To see this idea in action, let's take a look at the two CDFs below. The CDFs show the ratios m

_{2}:m

_{1} and m

_{3}:m

_{2} for a bunch of skies that only contain

**one** halo:

The m

_{2}:m

_{1} ratios are all less than 1, and the m3:m2 ratios follow a more normal distribution, with a mean near 1. This is what we would expect given that there's only one halo in the sky. Science works.

Here's a pesudocode implementation of our method for predicting the number of halos in the sky:

n = 1
while True:
calculate m_n and m_n+1 (do this by predicting the position of the nth halo and the n+1th halo)
ratio_n = m_n+1 and m_n
if (ratio_n is approx 1)
guess that there are n-1 halos in the sky
break loop
else
n++
So at this point we had an algorithm for predicting the positions of halos, and an algorithm for predicting the number of halos as well! We combined both of them and submitted another guess to Kaggle...

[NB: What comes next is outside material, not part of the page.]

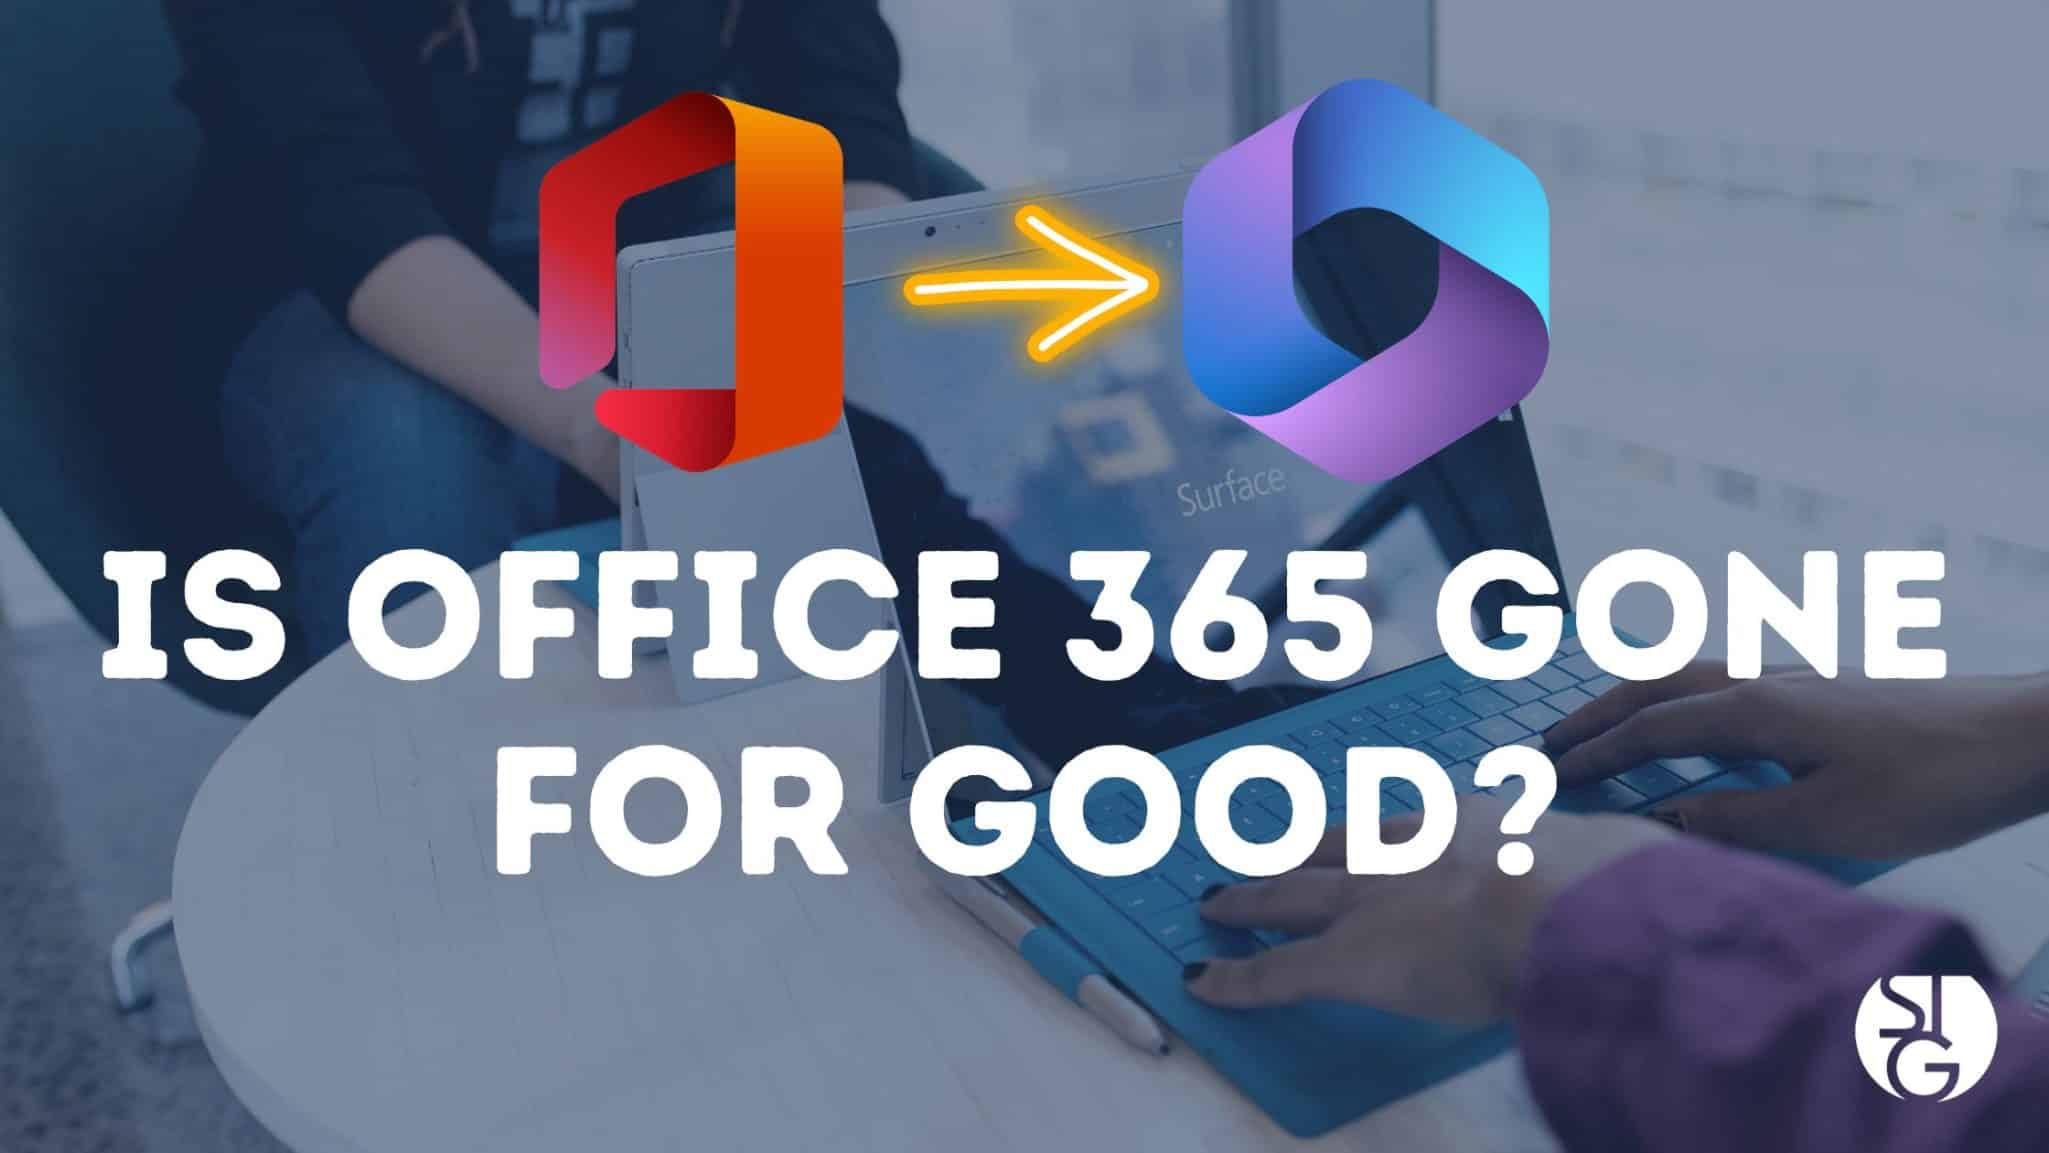 Microsoft Getting Rid of Office 365 for Good

... and got a score of 1.49. Worse than our first attempt :/ (Remember that our first attempt was just blindly slapping together two benchmark algorithms).

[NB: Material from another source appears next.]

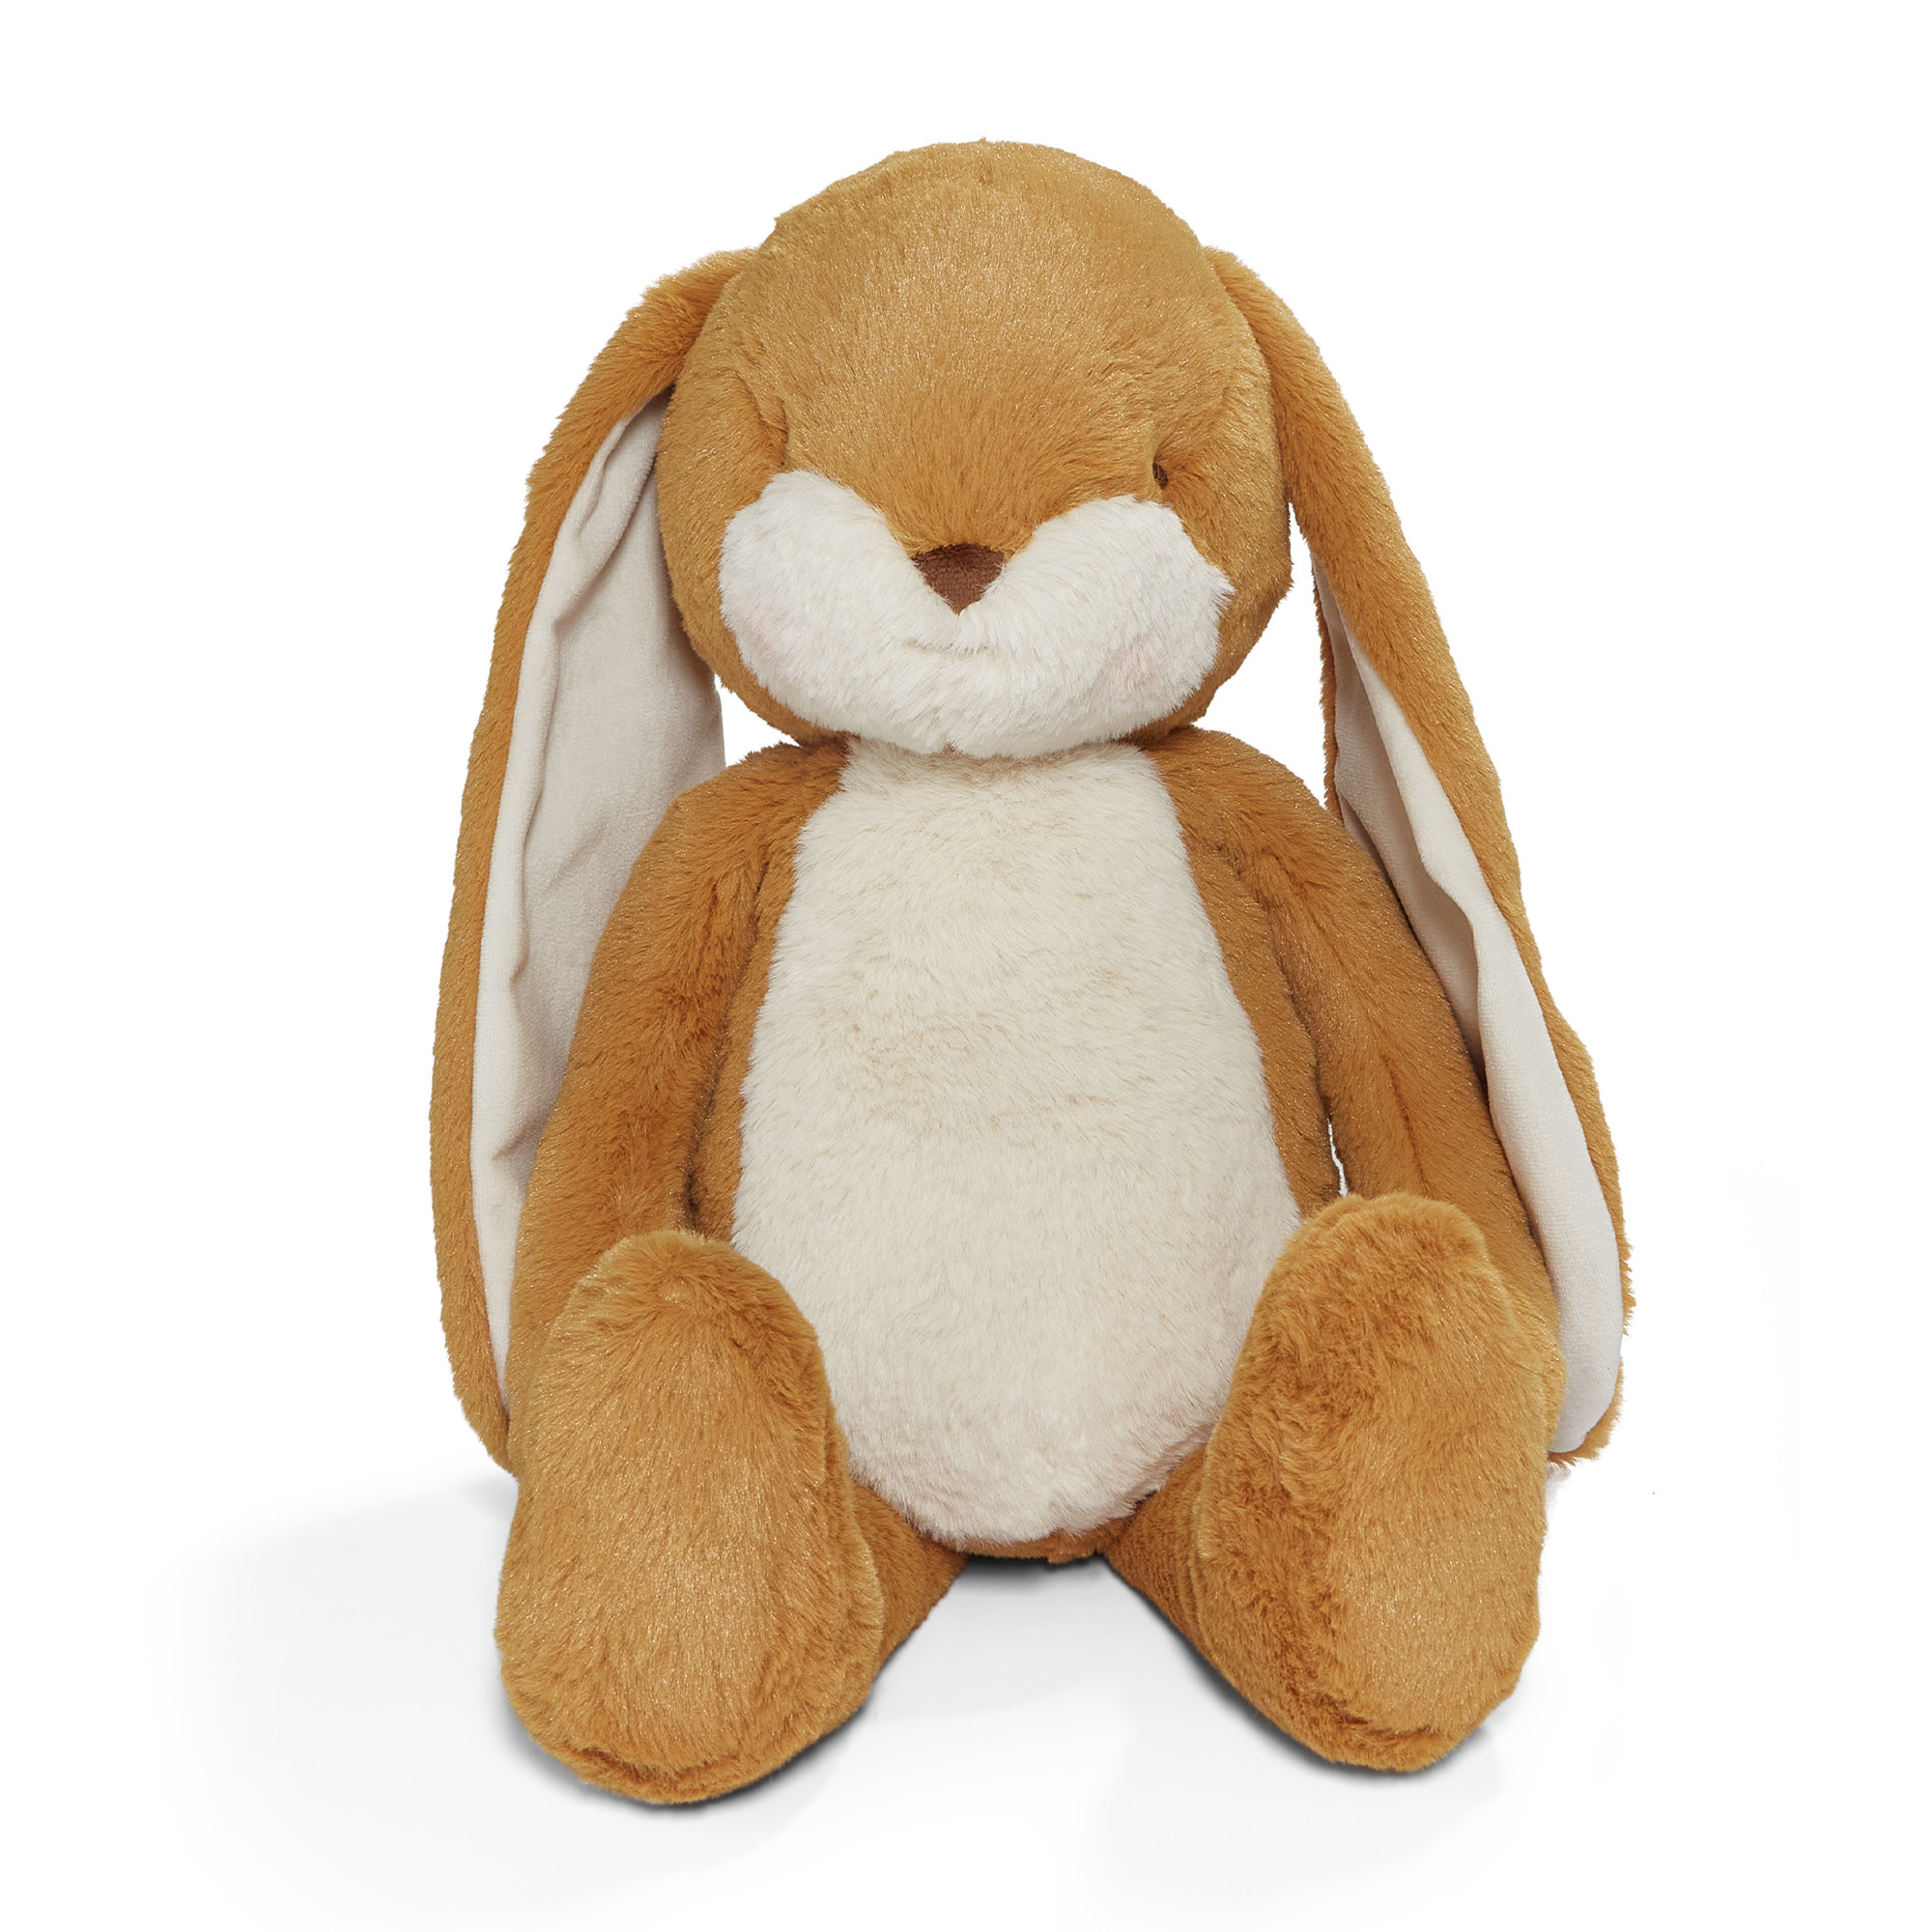 Peluche big nibble flopy marigold 50cm - Bunnies By The Bay

As we continued to focus on predicting the number of halos, we finally figured out a way to apply a traditional machine learning algorithm: k-nearest neighbors! This seemed like the best ML algorithm to use, because the training set wasn't big enough for a neural network or other classifiers. Using the ratios m

_{2}:m

_{1}, m

_{3}:m

_{2}, m

_{4}:m

_{3}, m

_{5}:m

_{4} as "features", and our training set of 300 halos, we classified each sky as either a one halo, two halo, or three halo sky. Our score on the test data didn't improve at all.

At this point, we tried doing a bunch of optimizations to improve our score. Here are some other things we looked at

**Subtracting away only a portion of the galaxies, and not the whole thing.** We optimized over the training data to determine how much we should subtract away.
**Using probabilistic ratios to inform our predictions. **In the training set, and the test set, we knew that 1/3 of the skies had one halo, 1/3 had two, and 1/3 had 3. We incorporated this information into our algorithm.
**Detecting anomalies. **When we predicted the position of halos, a number of them appeared to be on the edge of the sky. We thought that these predictions might be anomalies, and we threw many of them out.

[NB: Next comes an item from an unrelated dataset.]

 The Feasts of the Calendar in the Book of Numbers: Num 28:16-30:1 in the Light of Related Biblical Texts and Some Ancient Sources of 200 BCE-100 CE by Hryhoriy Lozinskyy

After trying all of these methods, our score didn't improve at all. And that's when we decided to give up.

Looking back, we think there were two main reasons our algorithm for predicting the number of halos didn't work very well.

**Lack of training data**. It's hard to machine learn with only 300 training samples.
**Shaky position-predicting algorithm.** Our algorithm for predicting the number of halos uses data from the position-predicting algorithm. Our position-predicting algorithm -- "better subtraction" -- was highly accurate at predicting the positions of the first and second halos, but not nearly as accurate in predicting the third. Therefore, it was hard to tell whether the predicted third sky was an actual sky or not. We confirmed this by looking at skies with the same number of halos. When there was only one halo in the sky, our algorithm predicted the number of halos correctly about 80% of the time. However, for two or three halos, this accuracy dropped down close to 40% -- not much better than random guessing.

In summary, if we wanted to improve our overall accuracy, our best bet would be improving our position-predicting algorithm. However, by this point we were close to the end of the semester, and we didn't really have time to try any new methods. And thus ended our dark matter quest.

* In reality, the signal at that point won't be zero, because other halos in the sky will be affecting the ellipticity of the galaxies. However, this simplifying assumption proved to be fairly accurate.